Dan began the tournament tradition three years ago when he succeeded his brother Brian as president of the Rumford Point Athletic Association. The event is a fundraiser for the association. Brian and Dan’s father was a leader in the organization. Names like Kezal and Stearns still figure importantly.

In the summer’s best weather yet, watching all those grownups from all over our region playing hard and happy one-pitch-slow pitch softball was grand.

Weather watch

Thankfully, Butch Roberts and his colleagues were not out on flood and road washout emergencies when I called the Gray weather station last week. My mission was to find out how this summer’s rainstorms – deluges, more like – stack up against those of previous summers.

Butch referred me to weather.gov. Try it, discover its limitations and possibilities. And sense of humor: “click here to learn how to read this gibberish.” I learned that the average precipitation for July in our region is 3.58 inches; in July 2008, there were 5.03 inches or rain. Data for August is not yet available.

Impatient as ever, I returned to my notes from the talk with Roberts. Getting stuck in a weather pattern happens “every once in a while.” He cheered me, promising a good stretch of splendid weather just ahead of us. He reminded me that “our life span is a second.” He reminded me of Noah’s Ark – “you’d have to think there had been a lot of rain” – and he pointed out that climate spans thousands of years.

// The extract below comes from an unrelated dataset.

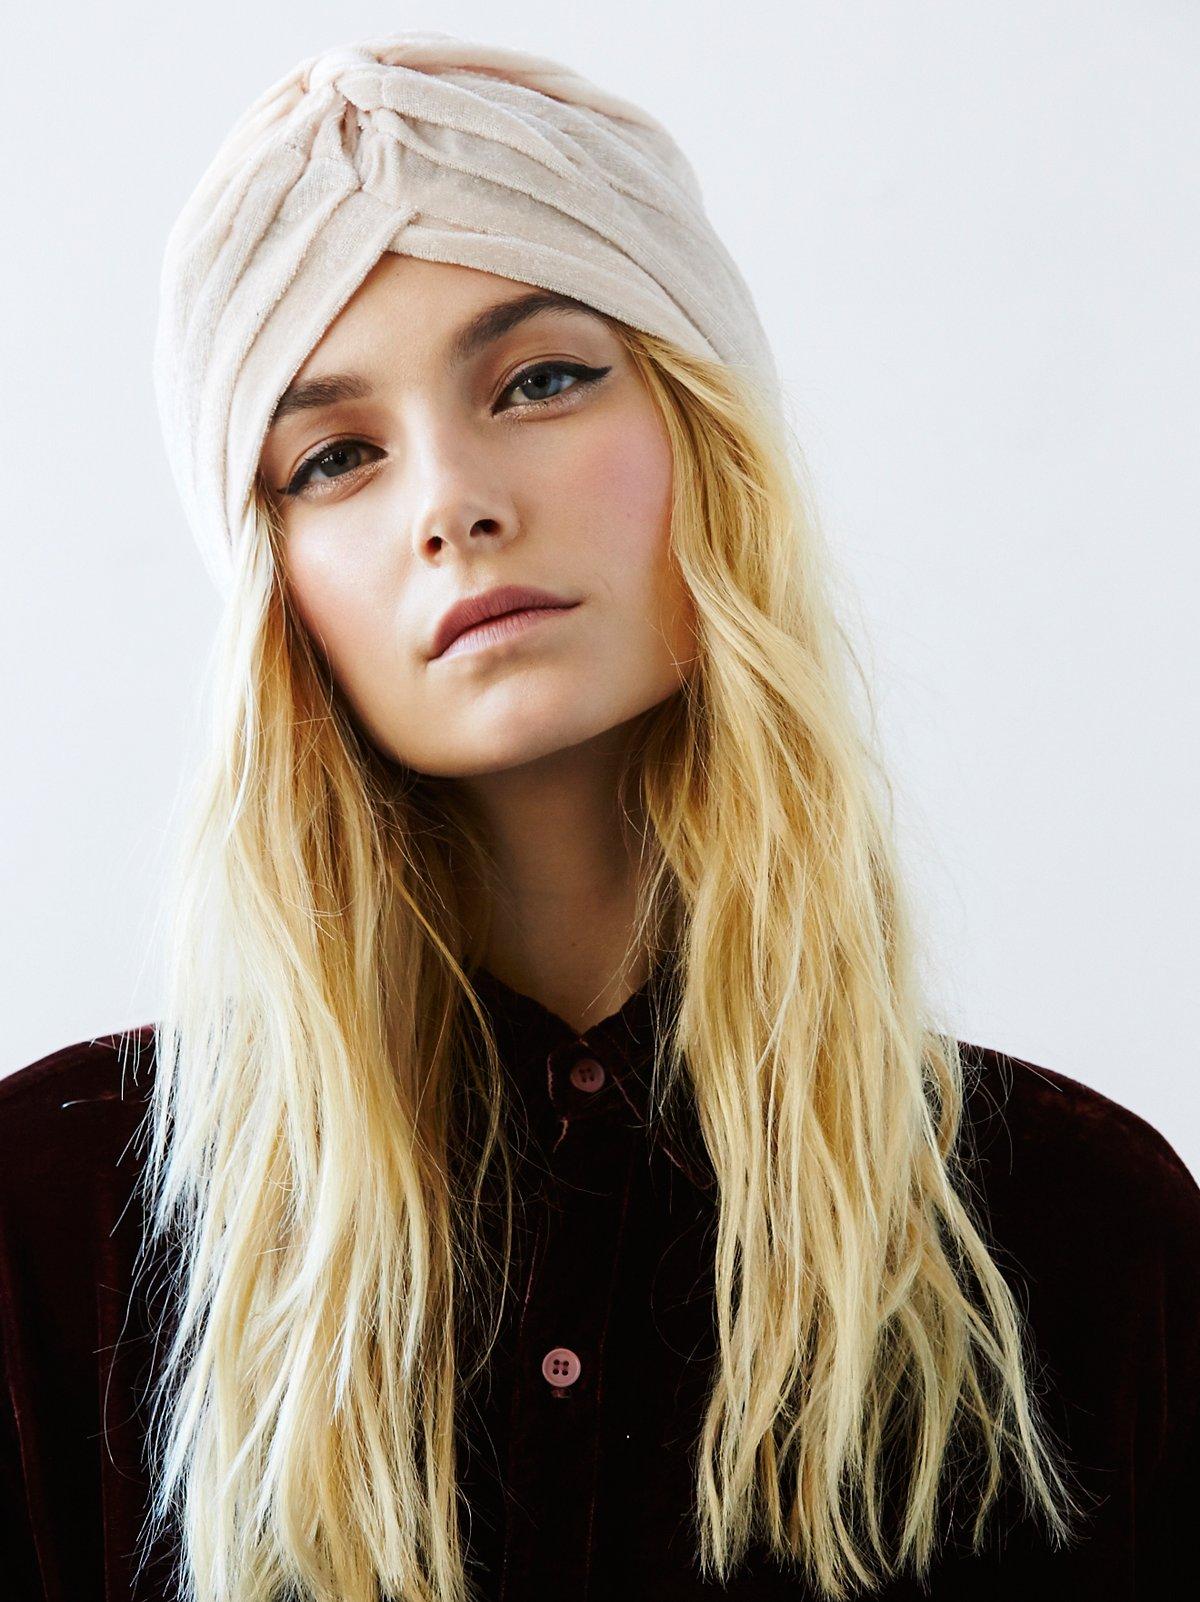 Mary Jane天鹅绒头巾
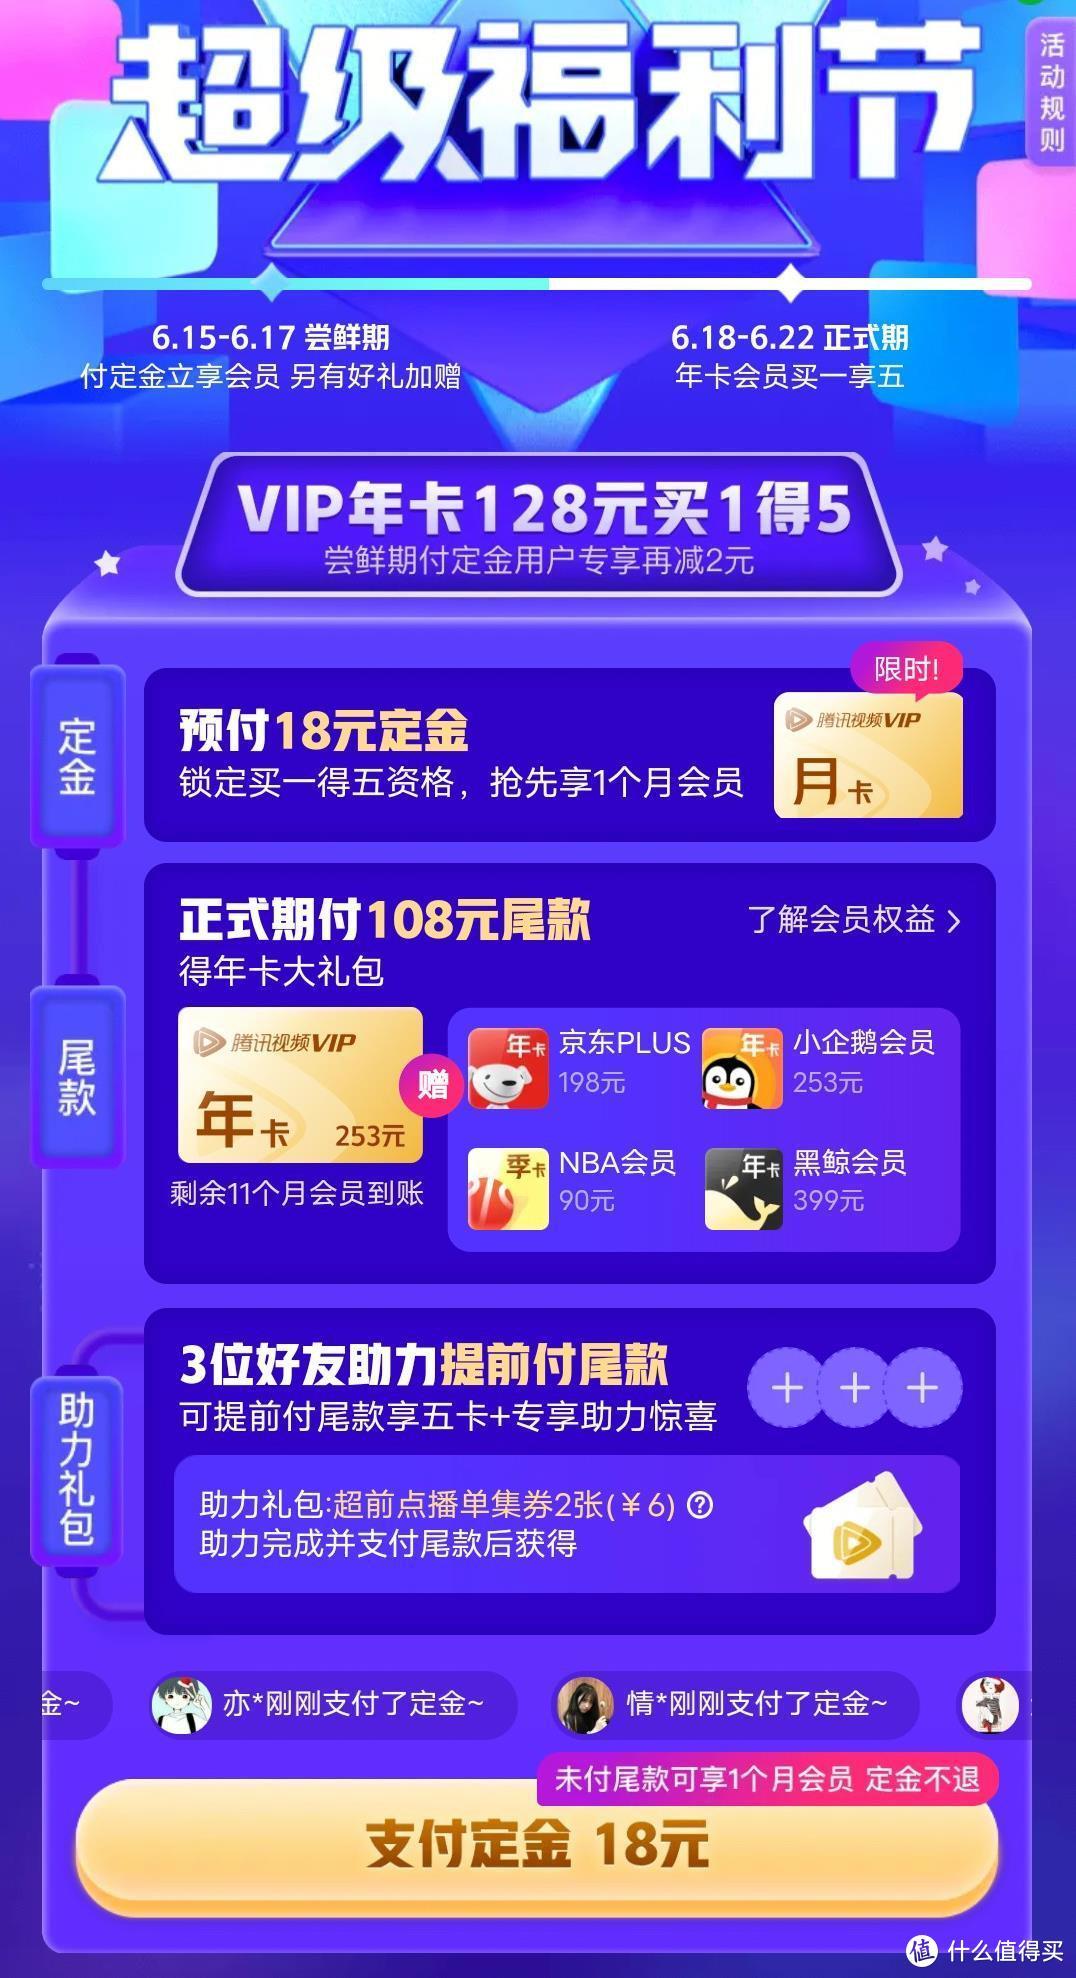 京东、黑鲸一网打尽!腾讯视频VIP126元买1得5

The National Weather Bureau was established in the mid-19th century. By the 1950s, the word bureau had fallen out of favor; after some experimentation, the name National Weather Service Office stuck. It is under the National Oceanic and Atmospheric Administration of the U.S. Department of Commerce. “It was created basically to help the transport of goods and ships,” Butch said.

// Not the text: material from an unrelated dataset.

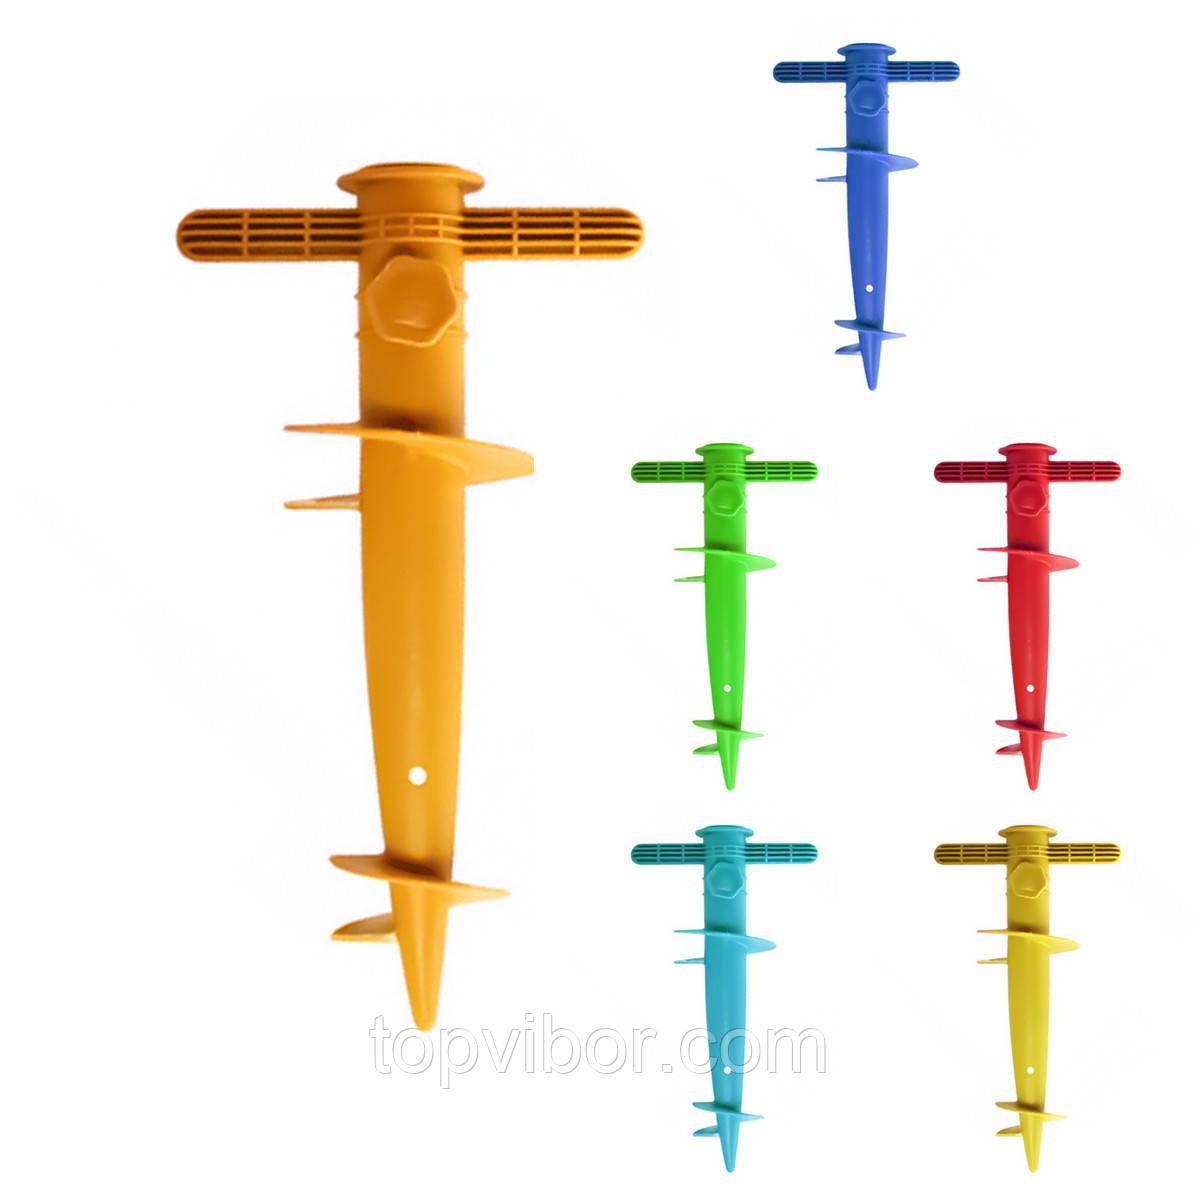 Подставка для пляжного зонта Stenson Jo-1273 30см (Оранжевый), бур ручной для пляжного зонта (VT)

When I told him I was calling from Rumford, he said he’d been there just the day before. He visits the region’s weather observers, who assist the weather folks in Gray by reporting measurements of precipitation and temperatures in their backyards.

In Rumford, Rhonda Violette is the official observer, a post she took over from her father-in-law Armand. I have yet to talk with Rhonda, but I did connect with her sister-in-law Martha Violette. Armand, she told me, died in 2000 or 2001 after some 50 years of service to the Weather Service.

If Armand was a citizen weather observer for that long a time, he might well have inherited the post from Evaline Abbott Warren, who died in 1966. Shall I call Butch Roberts again and trace Rumford’s citizen weather observers back to its first? Could that stalwart have been inspired by the very first of the nation’s citizen weather observers – now 11,000 strong – Benjamin Franklin?